The Haswell core has no combined multiply/add instructions for integer data types, so the peak performance for packed integers is exactly 1/2 of the peak performance for packed floating-point values. This assumes that you can ignore the top half of each of the multiply results -- under general conditions multiplying two 32-bit integers results in a 64-bit value. Intel processors support a wide variety of instructions for performing multiplication operations on integer data (including packed integer data), but if you need all of the bits of the product then there is (at least) another factor of two reduction in the peak performance.

It is extremely difficult to implement a floating-point matrix multiplication code that approaches the core's peak performance, but the Intel MKL DGEMM function delivers ~92% of the peak performance for large square matrices. On the integer side the lower pipeline latencies reduce the number of accumulators required, but the complexity of dealing with the various types of multiplication more than outweighs this benefit.

View solution in original post

TimP · ‎12-18-2015

I suppose, due to less pipeline depth of integer operations (and lack of integer fma, as John pointed out below), they wouldn't benefit as much from vectorization and unrolling, even if the number of parallel resources are the same. It may take intensive study of your code and the comparisons you make to comment further.

I suppose you could get the fma acceleration for floating point without having coded it explicitly, but your compiler reports would show its use. I would have thought, if you're talking about vector or parallel speedup, you would use fma in the base case as well, so it wouldn't augment your quoted speedup.

McCalpinJohn · ‎12-18-2015

The Core i7 4790 processor uses the Haswell core and supports the AVX2 instruction set.

For floating-point matrix multiplication, all of the operations can be implemented with the Fused Multiply-Add (FMA) instructions. There are two 256-bit FMA units, so for 64-bit floating-point data the processor can perform the equivalent of 16 floating-point operations per cycle (2 functional units * 4 elements per vector * 2 FP operations per instruction), and for 32-bit floating-point data the processor can perform the equivalent of 32 floating-point operations per cycle (2 functional units * 8 elements per vector * 2 FP operations per instruction.
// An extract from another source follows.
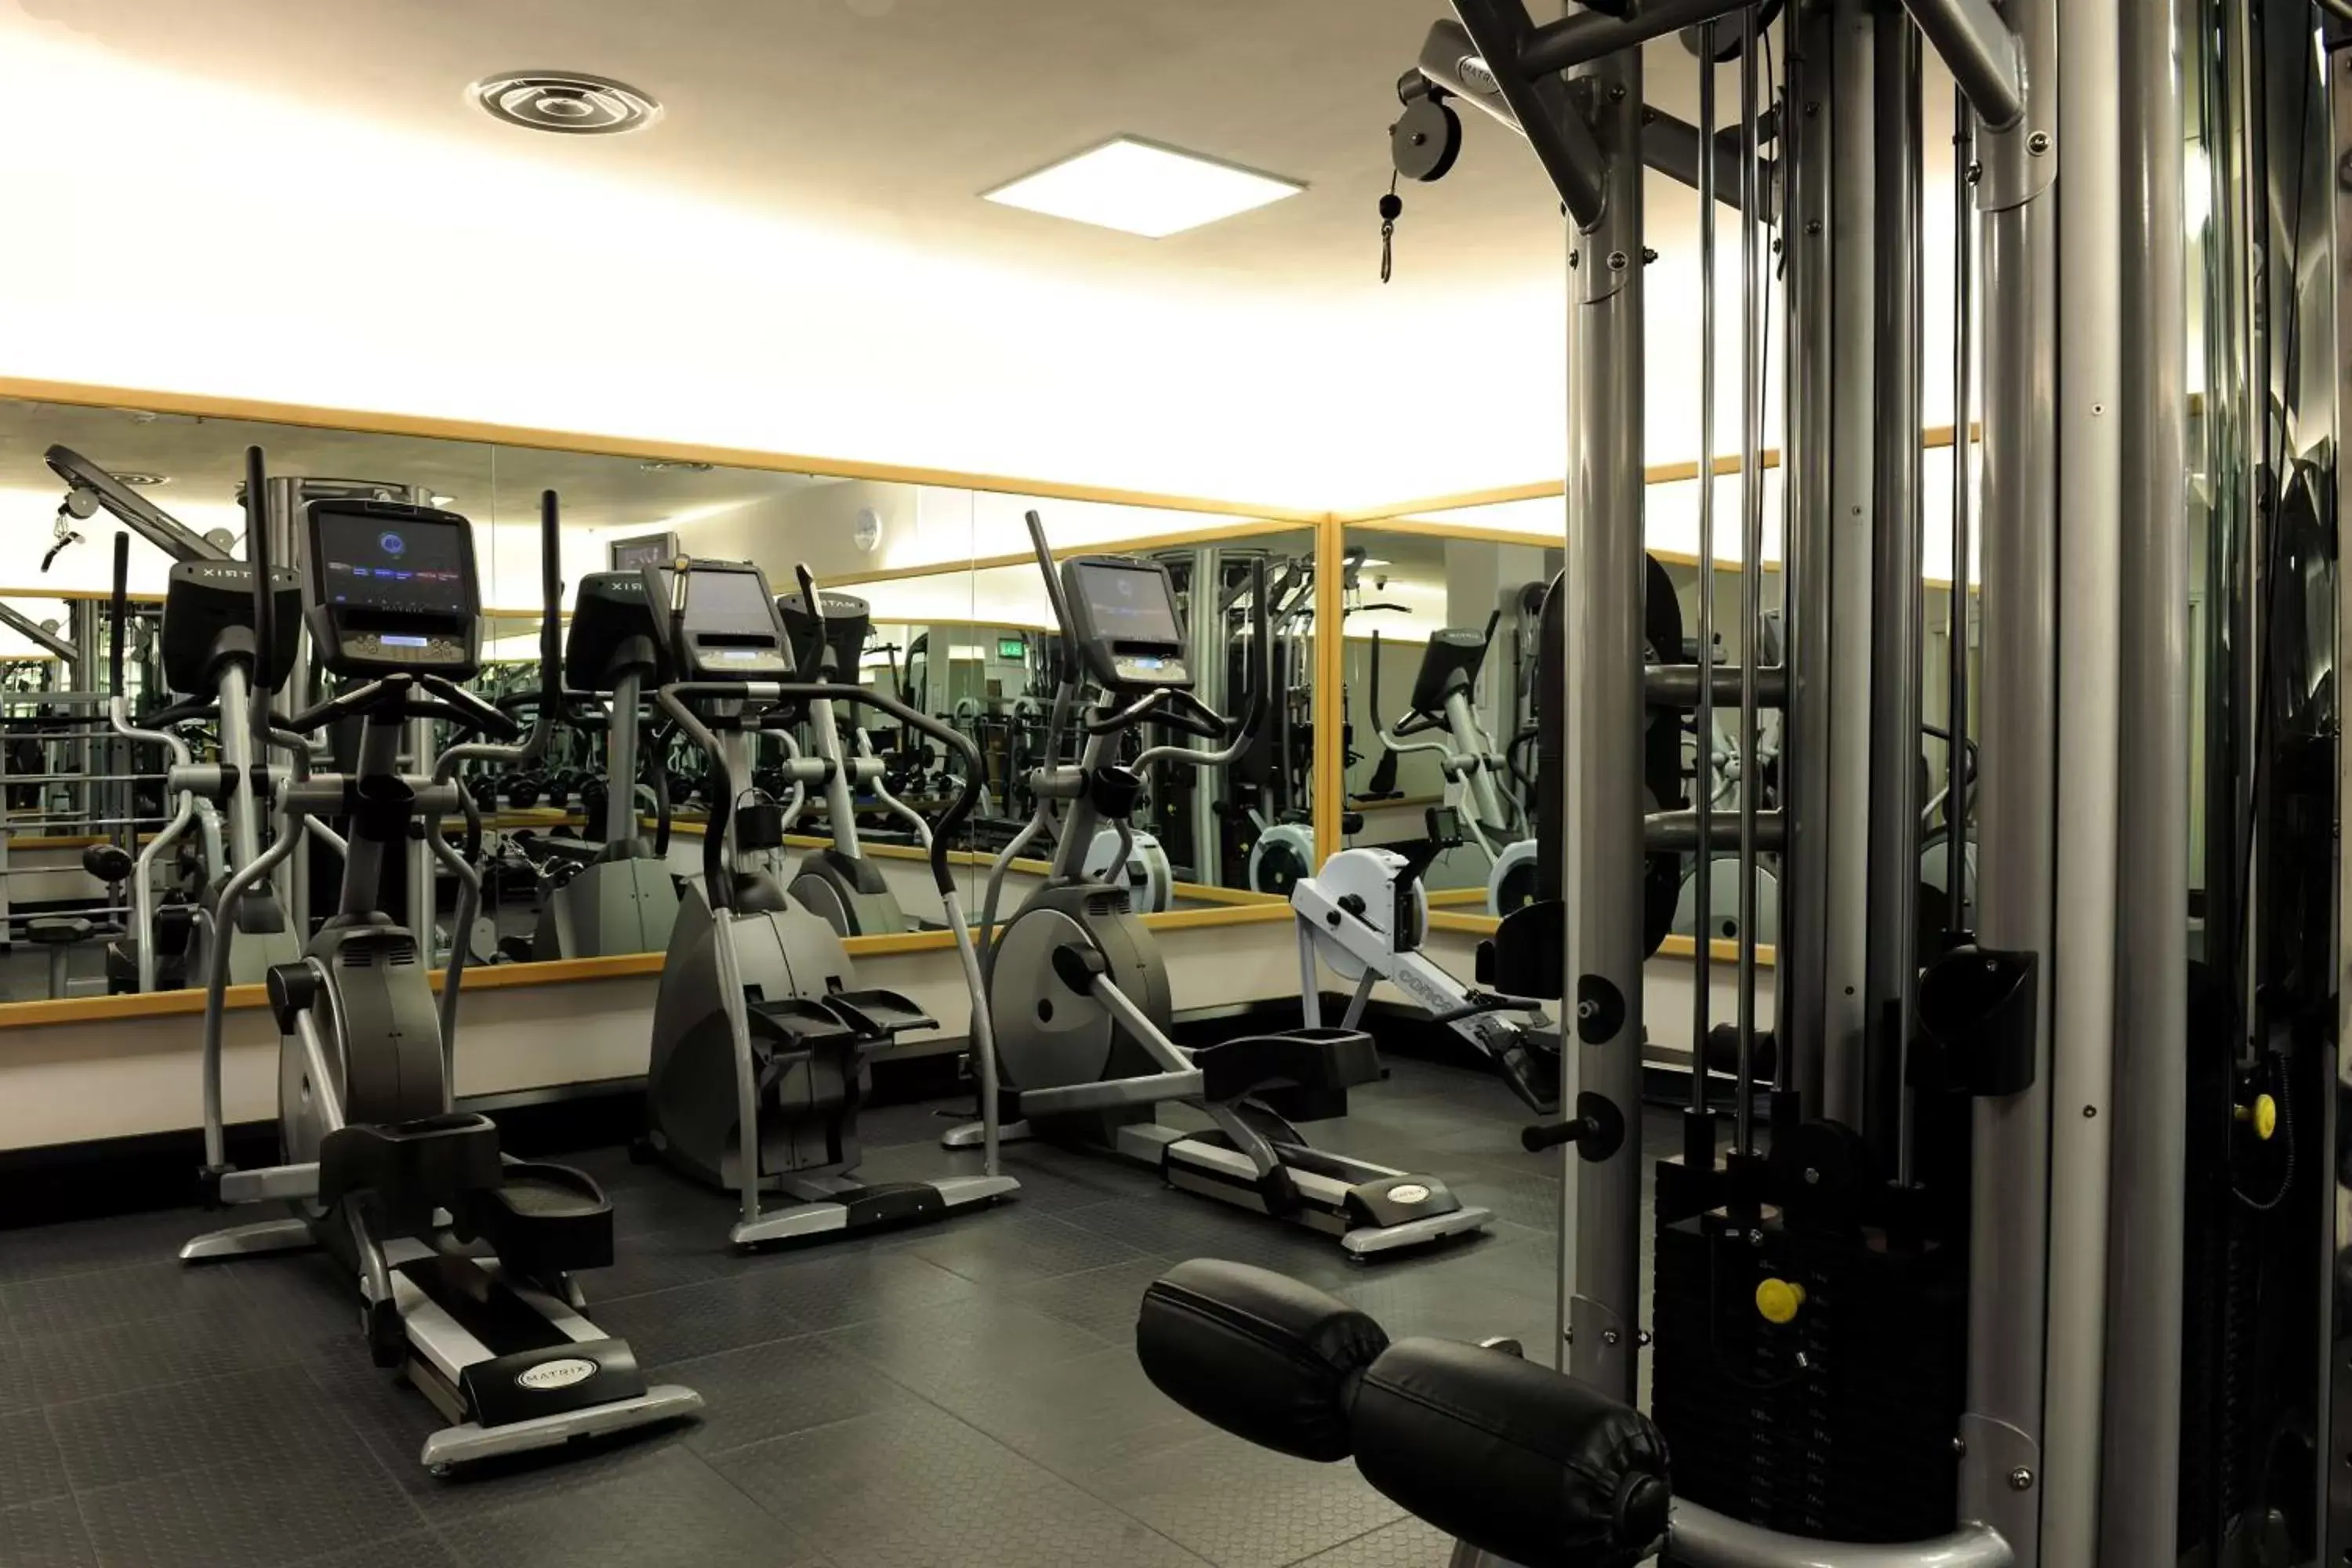 Fitness centre/facilities in Hyatt Regency Birmingham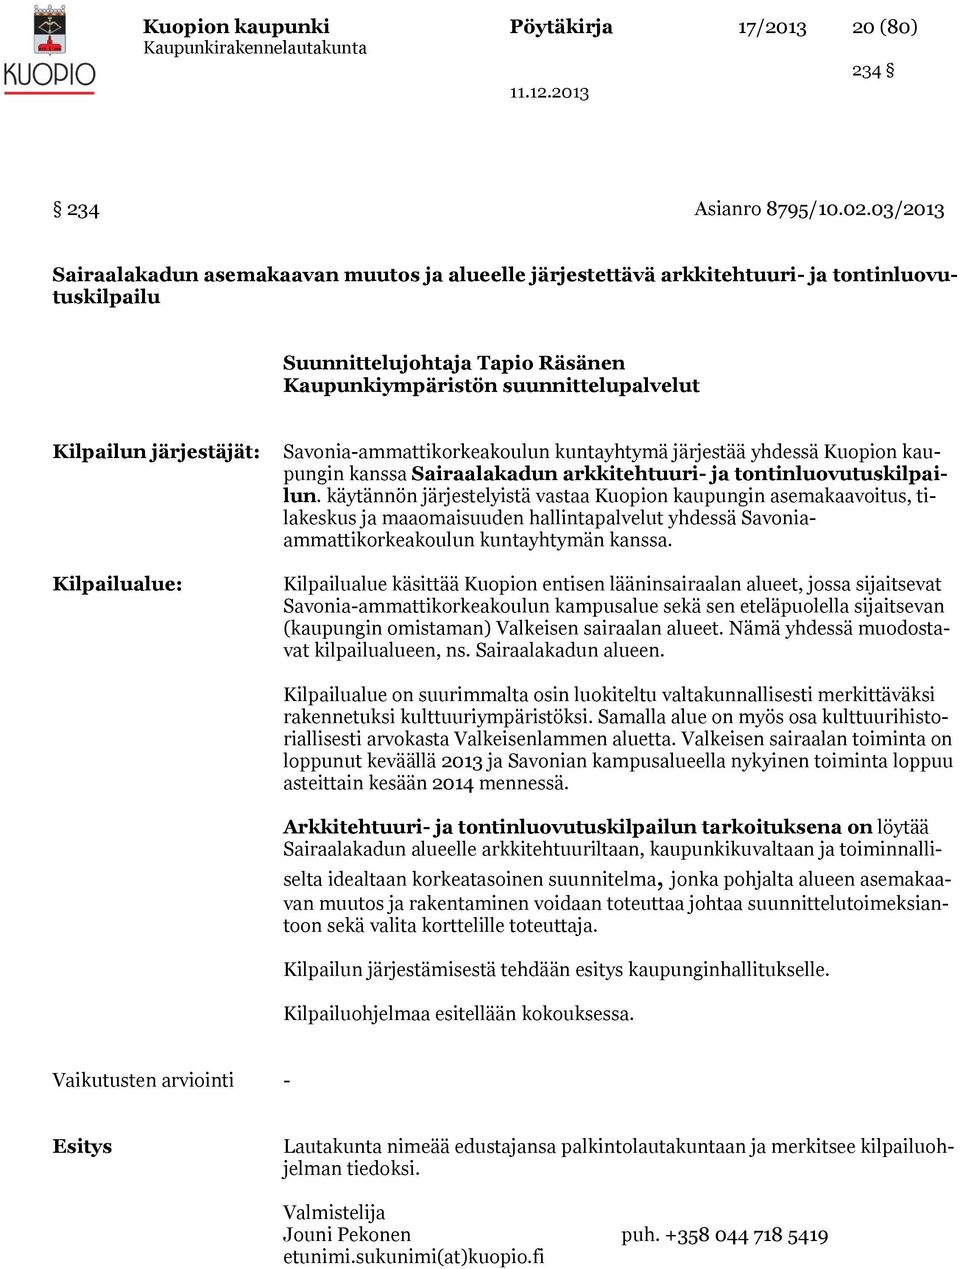 järjestäjät: Kilpailualue: Savonia-ammattikorkeakoulun kuntayhtymä järjestää yhdessä Kuopion kaupungin kanssa Sairaalakadun arkkitehtuuri- ja tontinluovutuskilpailun.

The Haswell core has no combined multiply/add instructions for integer data types, so the peak performance for packed integers is exactly 1/2 of the peak performance for packed floating-point values. This assumes that you can ignore the top half of each of the multiply results -- under general conditions multiplying two 32-bit integers results in a 64-bit value. Intel processors support a wide variety of instructions for performing multiplication operations on integer data (including packed integer data), but if you need all of the bits of the product then there is (at least) another factor of two reduction in the peak performance.

It is extremely difficult to implement a floating-point matrix multiplication code that approaches the core's peak performance, but the Intel MKL DGEMM function delivers ~92% of the peak performance for large square matrices. On the integer side the lower pipeline latencies reduce the number of accumulators required, but the complexity of dealing with the various types of multiplication more than outweighs this benefit.

Max_Rafiandy · ‎12-24-2015

Very clear explanation. these answers solved my problem. Thanks, Tim. Thanks, John.